Tip if you haven't seen this already: we build the docs as part of the premerge CI, so you can take a look at your rendered docs: https://anyscale-ray--44882.com.readthedocs.build/en/44882/index.html

hongpeng-guo · 2024-04-22T18:23:21Z

Tip if you haven't seen this already: we build the docs as part of the premerge CI, so you can take a look at your rendered docs: https://anyscale-ray--44882.com.readthedocs.build/en/44882/index.html

Nice tips! ty

justinvyu

Nice! Made some edit suggestions.

justinvyu · 2024-04-22T18:36:55Z

doc/source/train/user-guides/using-gpus.rst

+Sometimes you might want to specify the accelerator type for a worker. For example, 
+you can specify `accelerator_type="A100"` in the `ScalingConfig` if you want to 
+assign the worker an NVIDIA A100 GPU.


Suggested change

Sometimes you might want to specify the accelerator type for a worker. For example,

you can specify `accelerator_type="A100"` in the `ScalingConfig` if you want to

assign the worker an NVIDIA A100 GPU.

Ray Train allows you to specify the accelerator type for each worker.

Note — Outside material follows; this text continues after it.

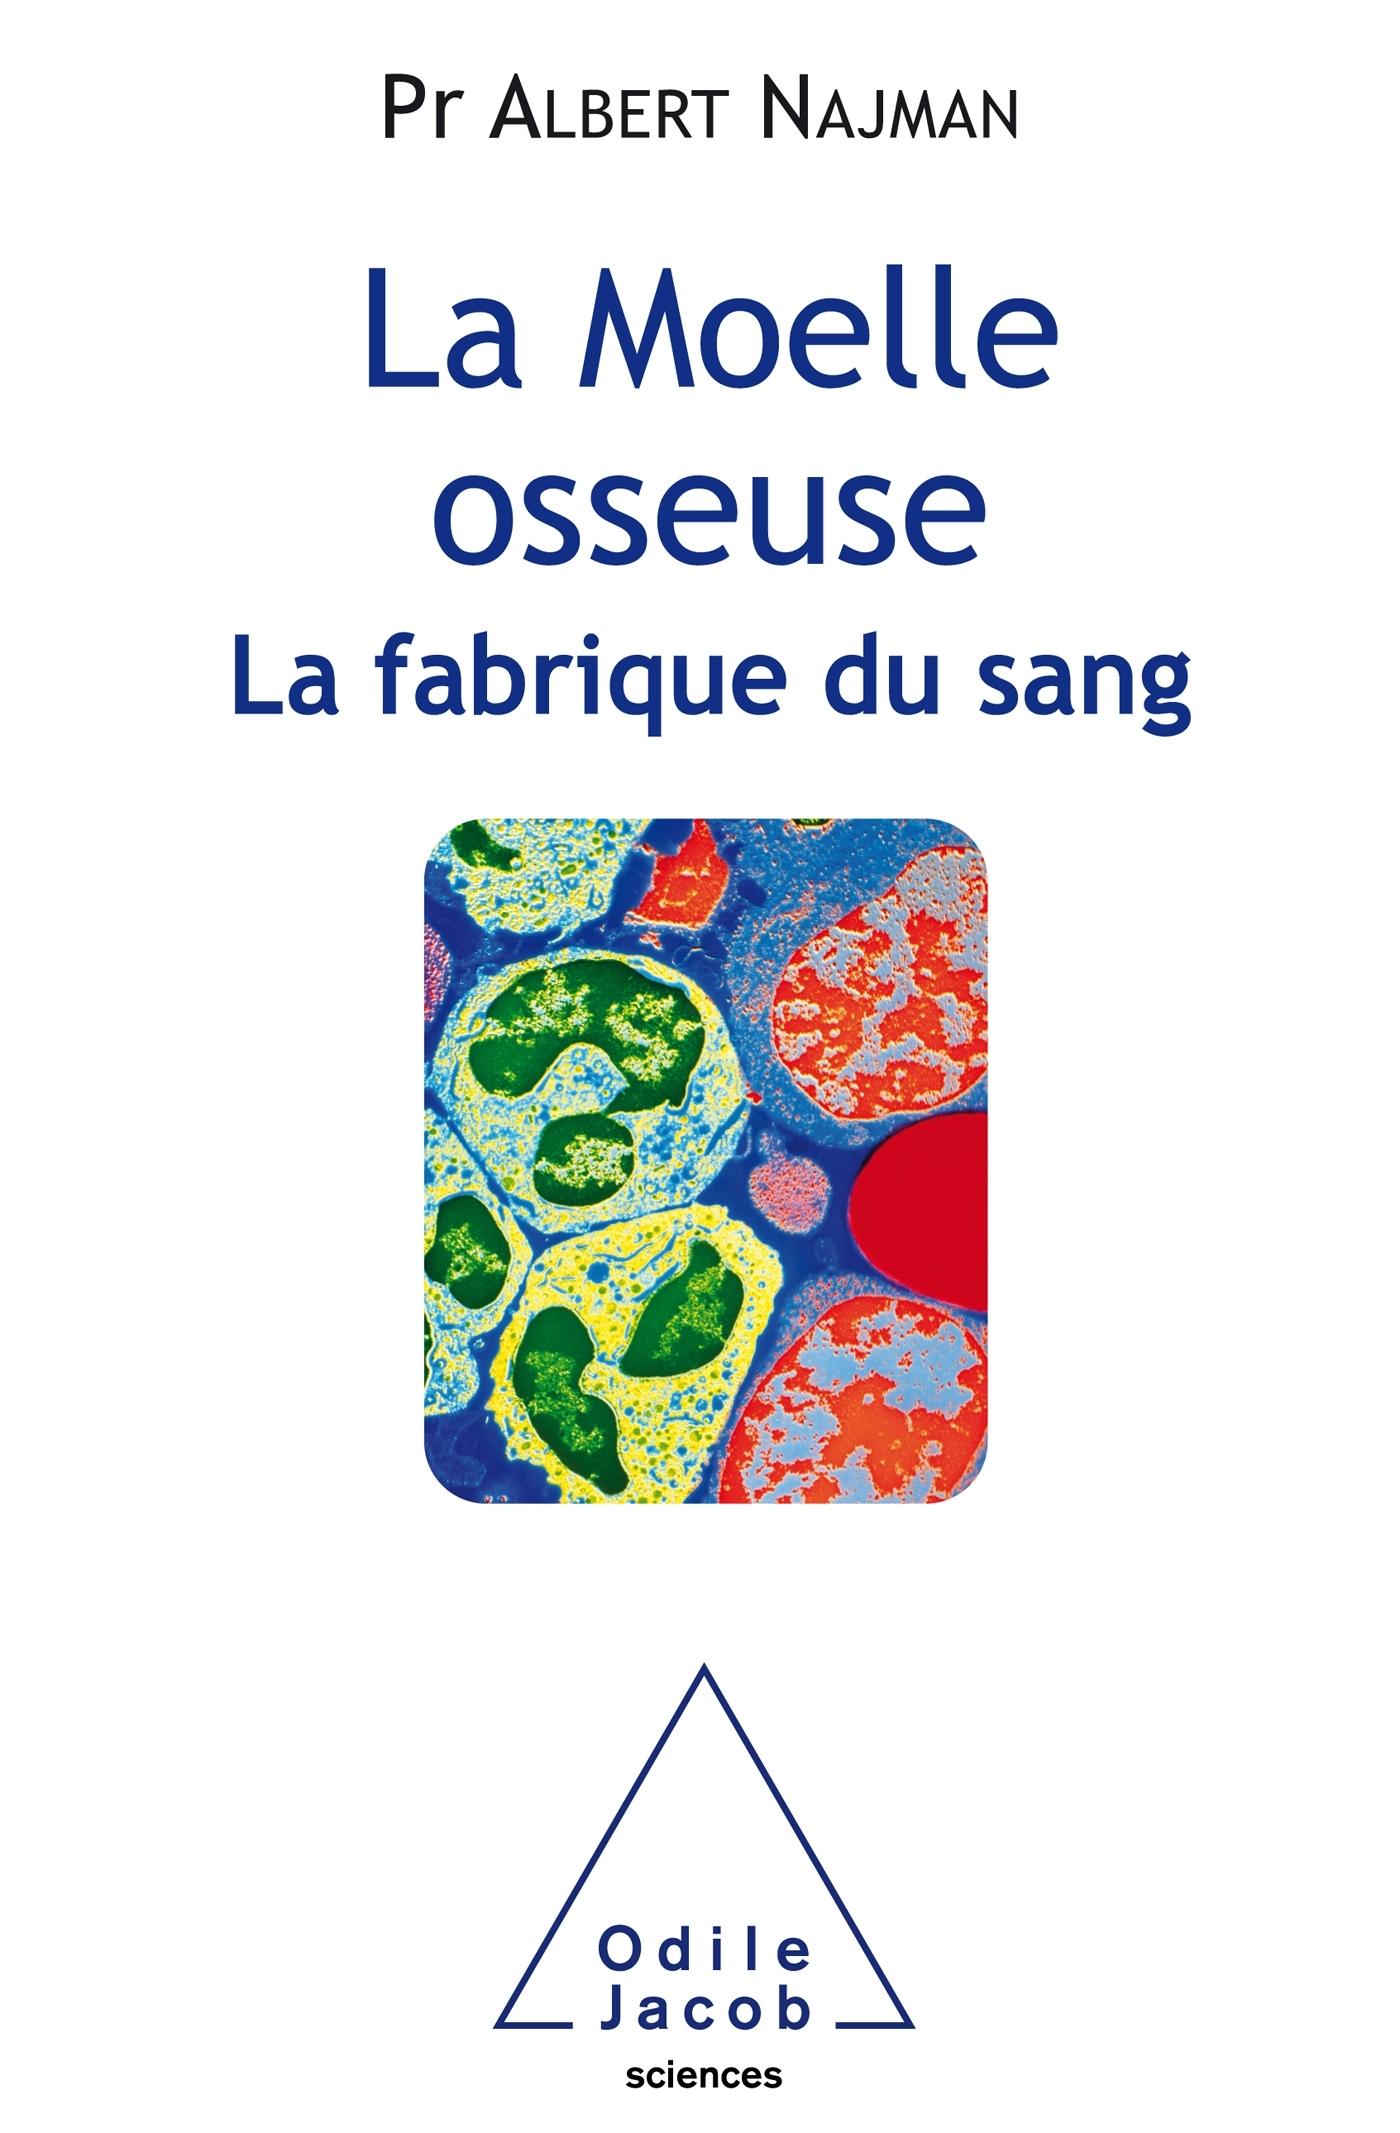 LA MOELLE OSSEUSE, LA FABRIQUE DU SANG

This is useful if your model training has some GPU memory constraints that requires a specific type of GPU.

In a heterogeneous Ray cluster, this means that your training workers will be forced to run on the specified GPU type, rather than on any arbitrary GPU node.

For example, you can specify `accelerator_type="A100"` in the :class:`~ray.train.ScalingConfig` if you want to

assign each worker a NVIDIA A100 GPU.

justinvyu · 2024-04-22T18:37:33Z

doc/source/train/user-guides/using-gpus.rst

+    import torch
+    from ray.train import ScalingConfig
+    from ray.train.torch import TorchTrainer, get_device
+
+
+    def train_func():
+        assert torch.cuda.is_available()
+
+        device = get_device()
+        assert device == torch.device("cuda:0")
+
+    trainer = TorchTrainer(
+        train_func,
+        scaling_config=ScalingConfig(
+            num_workers=1,
+            use_gpu=True,
+            accelerator_type="A100"
+        )
+    )
+    trainer.fit()


We can cut this down to just show the ScalingConfig.

…accelerator-type

Signed-off-by: Hongpeng Guo <hpguo@anyscale.com>

…o/ray into doc-accelerator-type

justinvyu · 2024-04-22T20:00:06Z

doc/source/train/user-guides/using-gpus.rst

+    from ray.train import ScalingConfig
+    from ray.train.torch import TorchTrainer
+
+
+    trainer = TorchTrainer(
+        train_func,
+        scaling_config=ScalingConfig(
+            num_workers=1,
+            use_gpu=True,
+            accelerator_type="A100"
+        )
+    )


Oh, for this one, I'm thinking of just showing:

ScalingConfig(...)

justinvyu · 2024-04-22T20:01:58Z

doc/source/train/user-guides/using-gpus.rst

+Ensure that your cluster has instances with the specified accelerator type 
+or is able to autoscale to fulfill the request.


We can make this a tip:

.. tip:: Ensure that your cluster has instances with the specified accelerator type or is able to autoscale to fulfill the request. Otherwise, your job will hang forever due to unsatisfiable pending resource requests.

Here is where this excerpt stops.